Aku memilih kursi paling pojok belakang. Beberapa anak lain memasuki kelas hingga akhirnya Emery, guru mata pelajaran creatures itu masuk ke dalam kelas. Ia mengangkat tangannya tinggi, membuat pintu kayu itu menutup dengan suara berdebam.

Emery berdiri membelakangi papan tulis. Ia meletakkan beberapa buku di atas mejanya. Ia menarik pengikat jubahnya, melepaskannya dan meletakkannya di sandaran kursi. Tampaklah gaun satin biru laut yang berkilau membalut tubuhnya. Belum sempat ia memulai pelajaran, seseorang mengetuk pintu kelas, membuat kami semua menoleh. Emery mengayunkan tangannya dan pintu kelas pun mengayun membuka.

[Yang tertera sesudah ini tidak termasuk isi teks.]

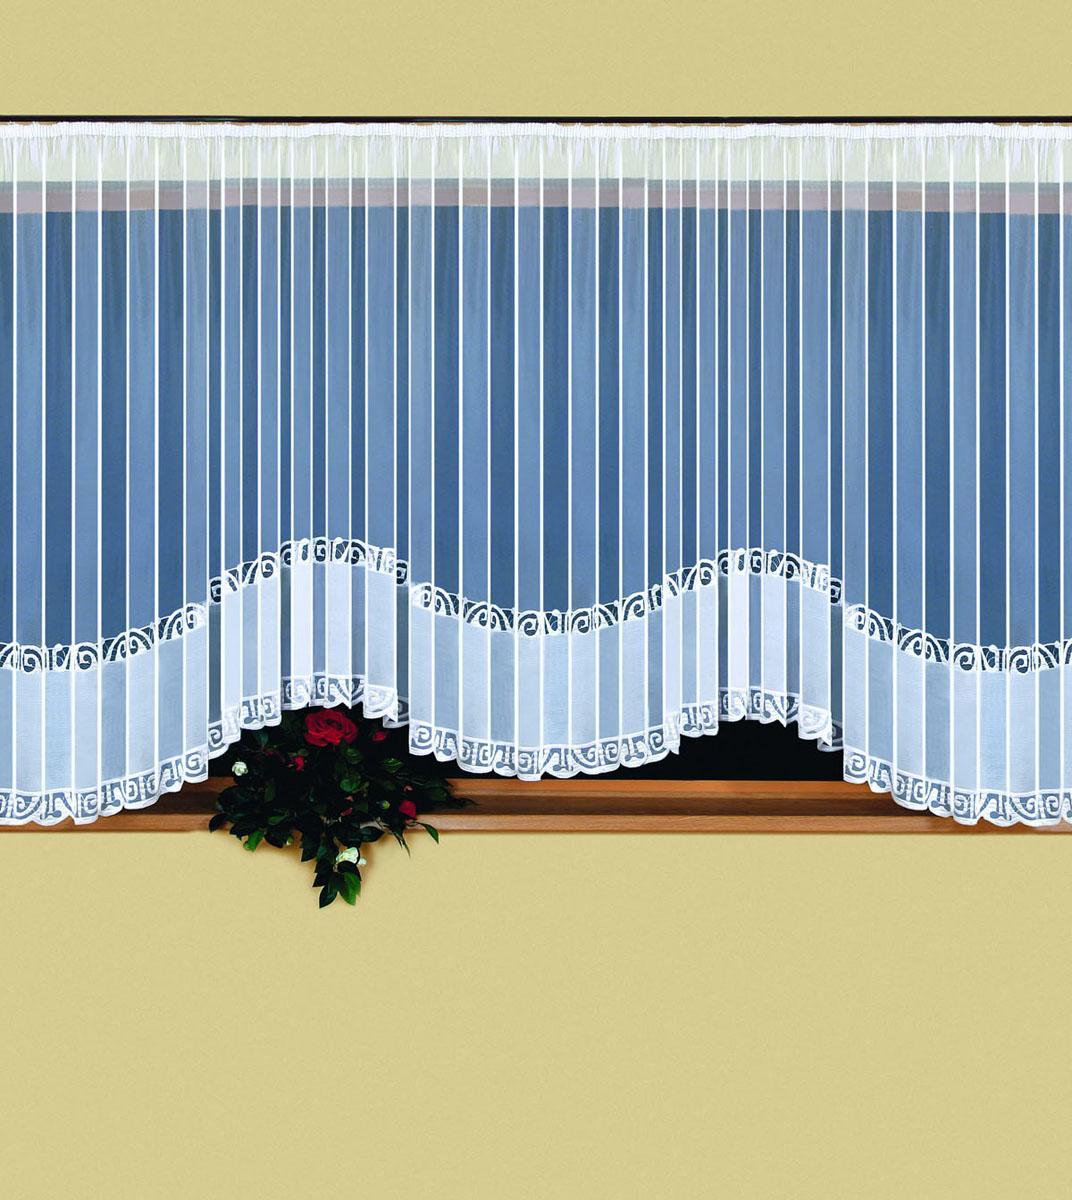 Гардина Weranika, на ленте, цвет: белый, 600 см х 150 см524839Воздушная гардина Weranika, изготовленная из полиэстера белого цвета, станет великолепным украшением любого окна. Тонкое плетение, оригинальный дизайн и приятная цветовая гамма привлекут к себе внимание и органично впишутся в интерьер комнаты. В гардину вшита шторная лента. Фирма Wisan на польском рынке существует уже более пятидесяти лет и является одной из лучших польских фабрик по производству штор и тканей. Ассортимент фирмы представлен готовыми комплектами штор для гостиной, детской, кухни, а также текстилем для кухни (скатерти, салфетки, дорожки, кухонные занавески). Модельный ряд отличает оригинальный дизайн, высокое качество. Ассортимент продукции постоянно пополняется.

Elea berdiri di depan pintu. Ia mengucapkan beberapa kalimat pada Emery, kemudian menggeser tubuhnya dan tampaklah seorang gadis peri yang tersenyum pada Emery. Elea bersama seorang gadis peri. Eh? Bukannya dia itu gadis peri yang kemarin? Apa yang dilakukannya di sini? Siapa sih dia?

"Maaf, apa di sini kosong?", sebuah suara membuyarkan lamunanku. Gadis peri itu kini berada di hadapanku. Ia menunjuk kursi kosong tepat di sebelahku. Aku hanya menganggukkan kepala. Aku bahkan tidak tersenyum.

"Makasih.", jawabnya riang sambil tersenyum, lantas duduk tepat di kursi di sebelahku. Ya Tuhan, apalagi ini?! Belum cukupkah cobaanku berada di sekolah aneh ini?! Sekarang malah aku duduk berdekatan dengan peri. Makhluk ceria dan sok manis yang menyebalkan.

Aku menopang daguku. Memasang wajah seolah aku memperhatikan Emery yang mengayunkan tangannya di depan papan tulis, memunculkan huruf-huruf besar. Werewolf, materi manusia serigala. Aku mendengus dalam hati, sambil melirik gadis peri tadi melalui sudut mataku. Ia menatap Emery dengan serius, memperhatikan setiap kata-kata Emery dengan seksama. Kenapa dia begitu antusias? Siapa dia sebenarnya?